Walcheren vormde
vanaf circa 1250 regelmatig het strijdtoneel tussen de Vlaamse en Hollandse
graven waardoor belegeringen, aanvallen en inname van dorpen en steden elkaar
opvolgden, tot dat Walcheren in 1323 definitief toebehoorde aan graaf Willem
III van Holland. Ook de Engelsen hebben enkele malen Walcheren aangevallen
als vergelding voor de kaapvaart, die werd bedreven door Zeeuwse zeelieden
en waarvan voornamelijk Engelse schepen het slachtoffer waren. Tenslotte
vonden nog de Hoeksche en Kabeljauwse twisten plaats waardoor tot 1492 op
Walcheren sporen werden nagelaten.
Uit enkele geschiedbeschrijvingen, oorkondes, overlopers en rekeningen waarin
veelal ambachtsheren genoemd werden, valt af te leiden hoe Koudekerke werd
bestuurd en hoe het zich vanaf de dertiende eeuw in die roerige tijden heeft
ontwikkeld. Ene Meinard was vermoedelijk de eerste Ambachtsheer van Koudekerke,
gevolgd door Willem en Gilles van Koudekerke, waarvan de laatste bezit had
in (oud) Vlissingen waaronder een watermolen. Samen met Pieter van Souburg
was hij in 1248 aanvoerder van de Vlaamse Partij in Zeeland. Walcheren was
in deze periode onderwerp van twisten tussen de Vlaamse en Hollandse graven
waardoor Gilles en Pieter uiteindelijk moesten vluchten naar Vlaanderen.

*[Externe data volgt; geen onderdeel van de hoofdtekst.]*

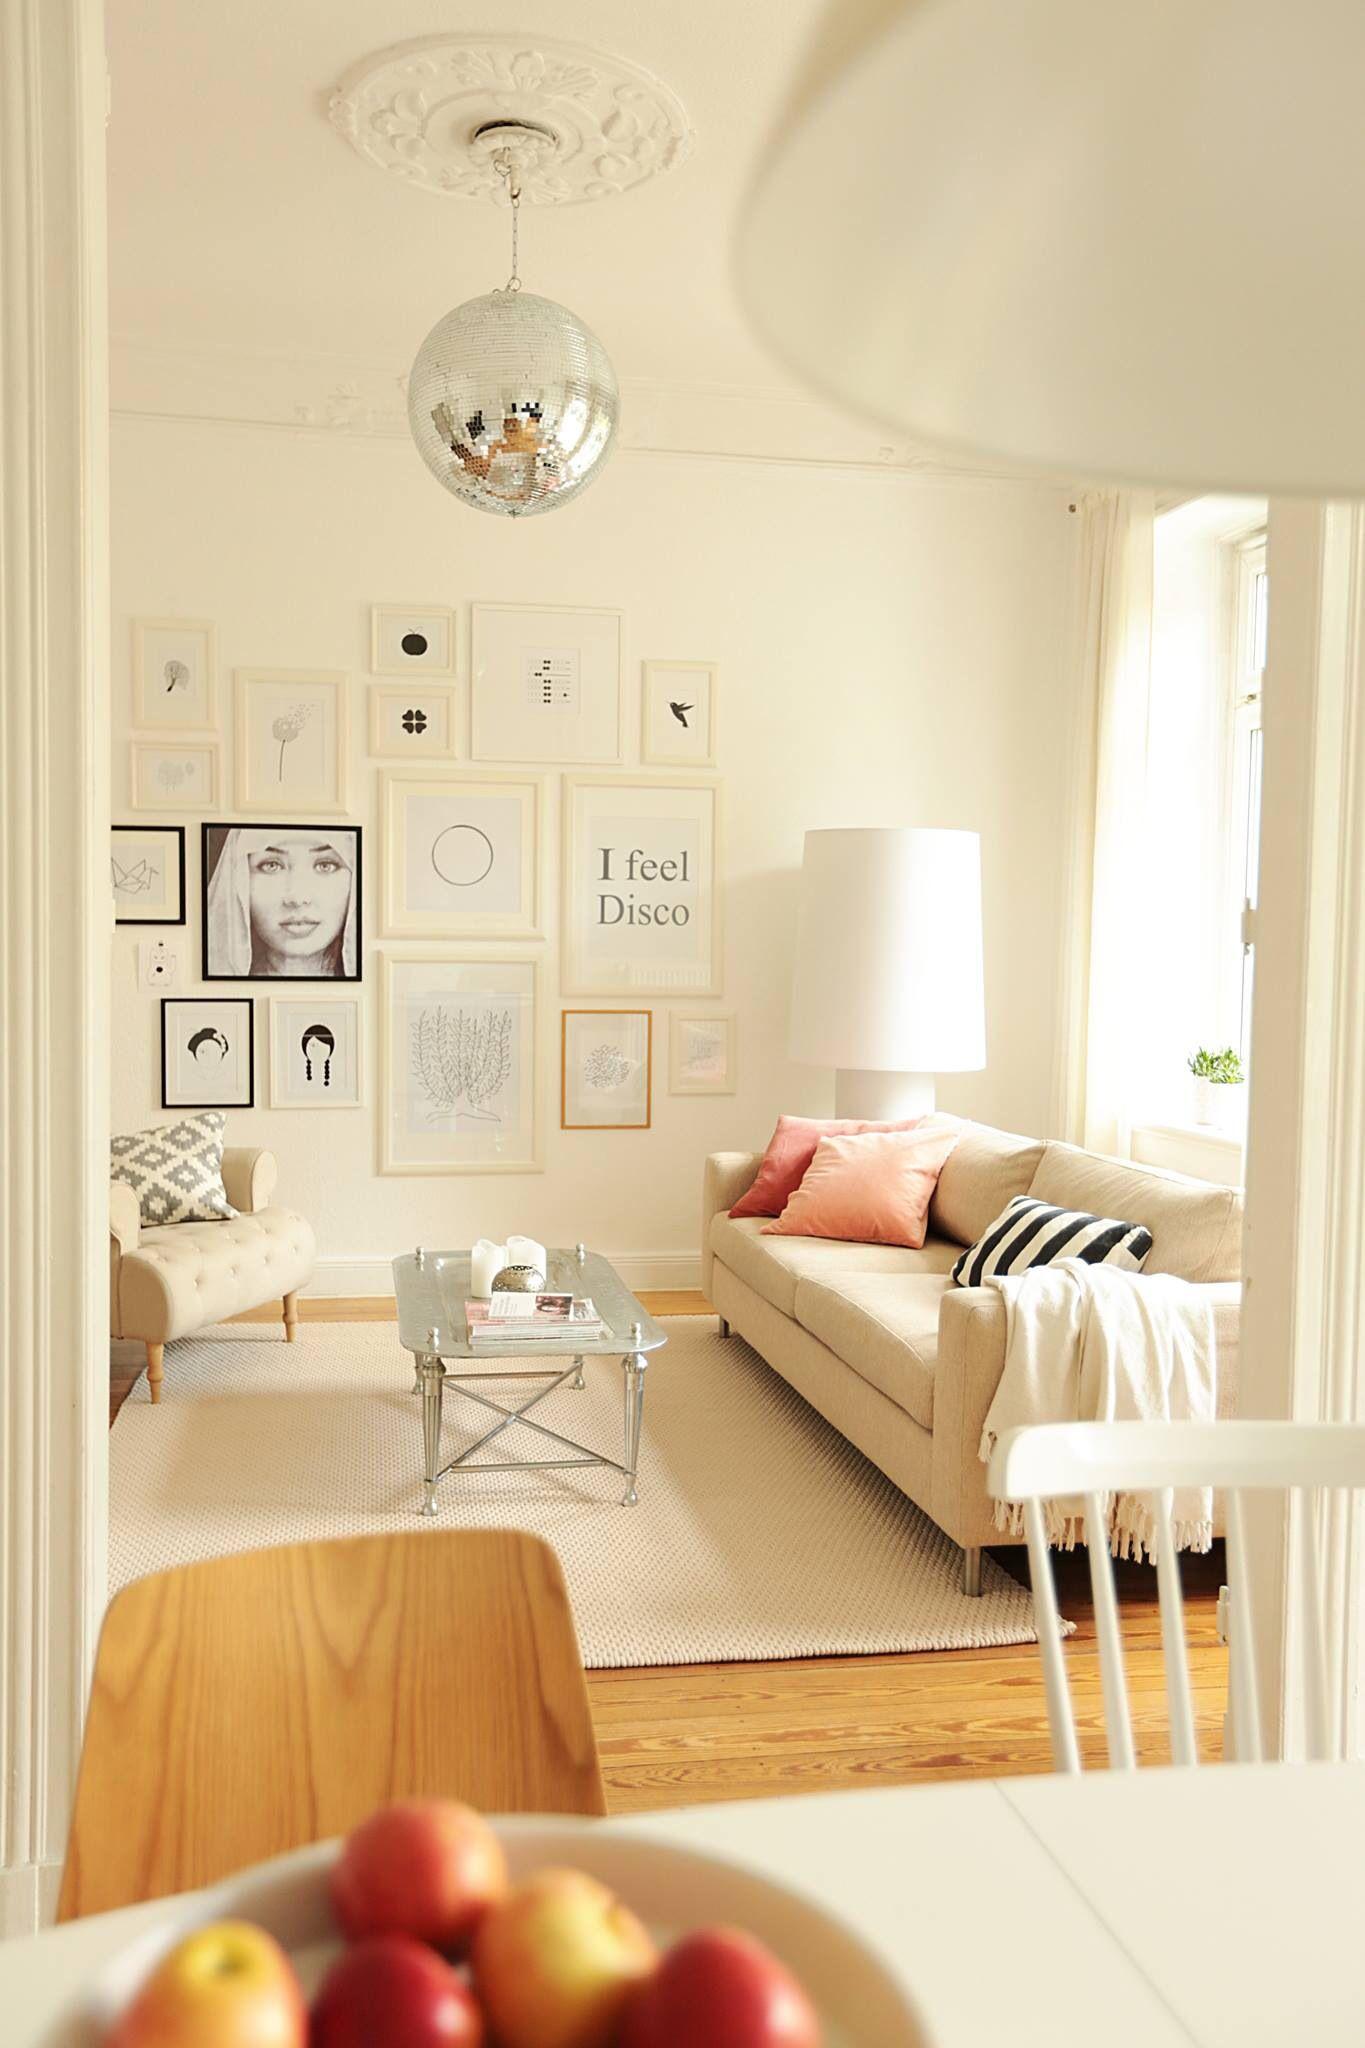 Wohnzimmer Weis Creme design wohnzimmer in braun und creme inspirierende bilder von wohnzimmer Wohnzimmer Hell Wei Creme Streifen Couch Lampe Leuchte

Uit oorkondes van 7 juli en 11 augustus 1248 blijkt na de nederlaag van
Graaf Willem II tegen Gravin Margaretha van Vlaanderen (Zwarte Margriet)
dat allen die gevlucht waren, in hun erfelijke bezittingen werden hersteld.
Hierdoor werd Gilles weer eigenaar van al zijn verbeurd verklaarde bezit
en zijn ambachtsheerlijke rechten in Koudekerke. Welk bezit hij in Koudekerke
had is niet precies bekend, maar mogelijk was dit 't
Noordhof.
Gilles van Koudekerke had ten minste twee zonen, de eerder genoemde Willem
Gilleszoon van Koudekerke en Wisse Gilleszoon van Koudekerke. De laatste
werd een van de invloedrijkste ambachtsheren van Koudekerke en zegelde onder
andere oorkondes van Floris V. Hij was ook ambachtsheer van de naburige
Heerlijkheid Vlissingen, waar hij in 1264 een kasteel of 'steenhuis' liet
bouwen op de tegenwoordige Nieuwe Markt. Op 10 januari 1294 verkocht hij
zijn ambachtsheerlijke rechten aan Floris V.(1)
Ondanks de macht van Wisse Gilleszoon van Koudekerke, liep het toch slecht
met hem af. Nadat hij de jaarlijkse afdracht van inkomsten aan de graaf
niet meer kon betalen, werden zijn rechten en goederen afgenomen. De financiële
nasleep duurde tientallen jaren waardoor ook anderen werden benadeeld. Met
zijn zuster werd een minnelijk schikking getroffen en uit een oorkonde van
26 maart 1294 waarin zij genoemd wordt, weten we dat Wisse Gilleszoon op
dat moment nog een huis bezat in Koudekerke. Zeker is dat in het tweede
deel van de dertiende eeuw in Koudekerke een stenen huis werd gebouwd, dat
moet hebben toebehoord aan een lokale ambachtsheer. In 1168 waren de Vlaamse
en Hollandse graven overeengekomen dat in Zeeland geen 'sterkten' meer gebouwd
mochten worden en omdat de overeenkomst over de sterkten pas in 1256 werd
opgezegd, moet dit huis dus na die periode zijn gebouwd.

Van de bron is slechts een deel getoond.